They went to restaurants because they hated doing the washing up. They always followed the same rule: they would never order for themselves. At first they would just pick for each other from the menu. Soon they were asking strangers to choose for them. One time they invited another couple to join them at their table and they all ordered for each other and now they sometimes go bowling together at weekends.
They had one favourite restaurant, where the waiters and waitresses knew not to even give them a menu. The chef would be told of their arrival, and he would prepare their secret, special dishes. He had their permission to create whatever he wanted, neither had peanut allergies and both quite liked seafood. Soon the restaurant got rid of the menus completely, every guest followed the same rule, it was the chef who decided what they would eat. Every single plate was returned to the kitchen clean, there was never a single word of complaint.
They always read the same book at the same time. Next to each other on the settee they would turn the pages as one. They had a four poster bed. Once they had a pillow fight, and rose petals fluttered over the bed instead of feathers. When they ran the bath, champagne came from the taps, despite being connected only to a water tank.

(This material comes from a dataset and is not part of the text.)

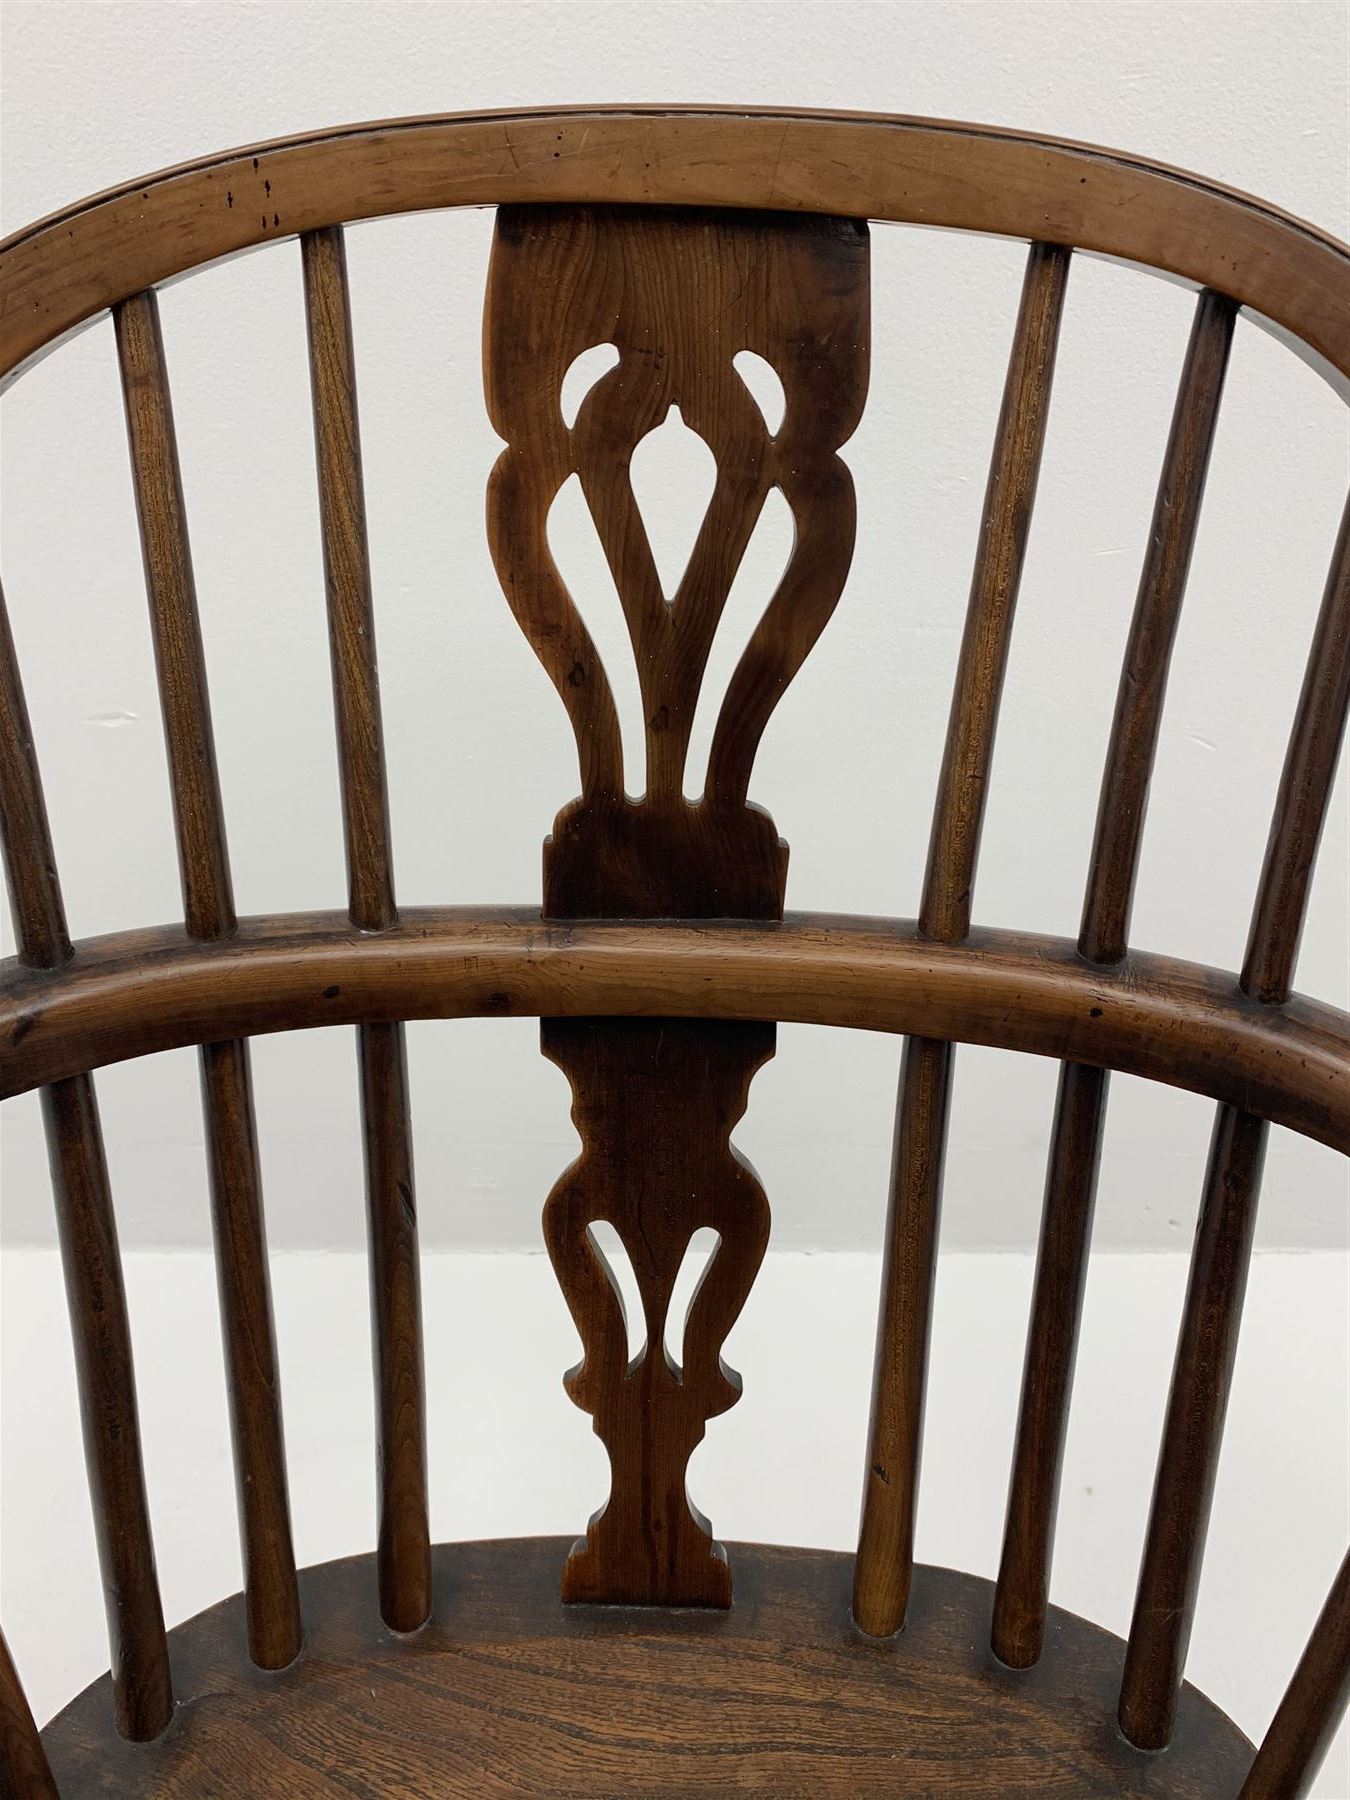 Early 19th century yew wood and elm Windsor armchair - Image 5 of 8

The plumber was baffled.

Comments
insertponceyfre... | August 16, 2010 - 06:41
I like the way this starts off slightly eccentric, and then gets more and more bizarre as it goes along
russiandoll | August 16, 2010 - 11:30
The last two sentences of this felt a bit disconnected for me but other than that I really liked it and had a lot of imagery building up relating to this very likeable couple.
Great work :)
Cavalcaderl | August 16, 2010 - 21:29
New mcmanaman
Really like this, quite funny.
But it could really happen, don't
you think all getting our own secret
foods. Great.
Julie x
o-bear | August 17, 2010 - 18:45
at first my only thought after reading this was that it was rather strange, senseless, self-indulgent nonsense (especially the last paragraph)... yet after some thought i realized that it's also a vivid and successful unshackling of the subconscious channeled into interesting writing, which i something to be commended, so i decided to commend you.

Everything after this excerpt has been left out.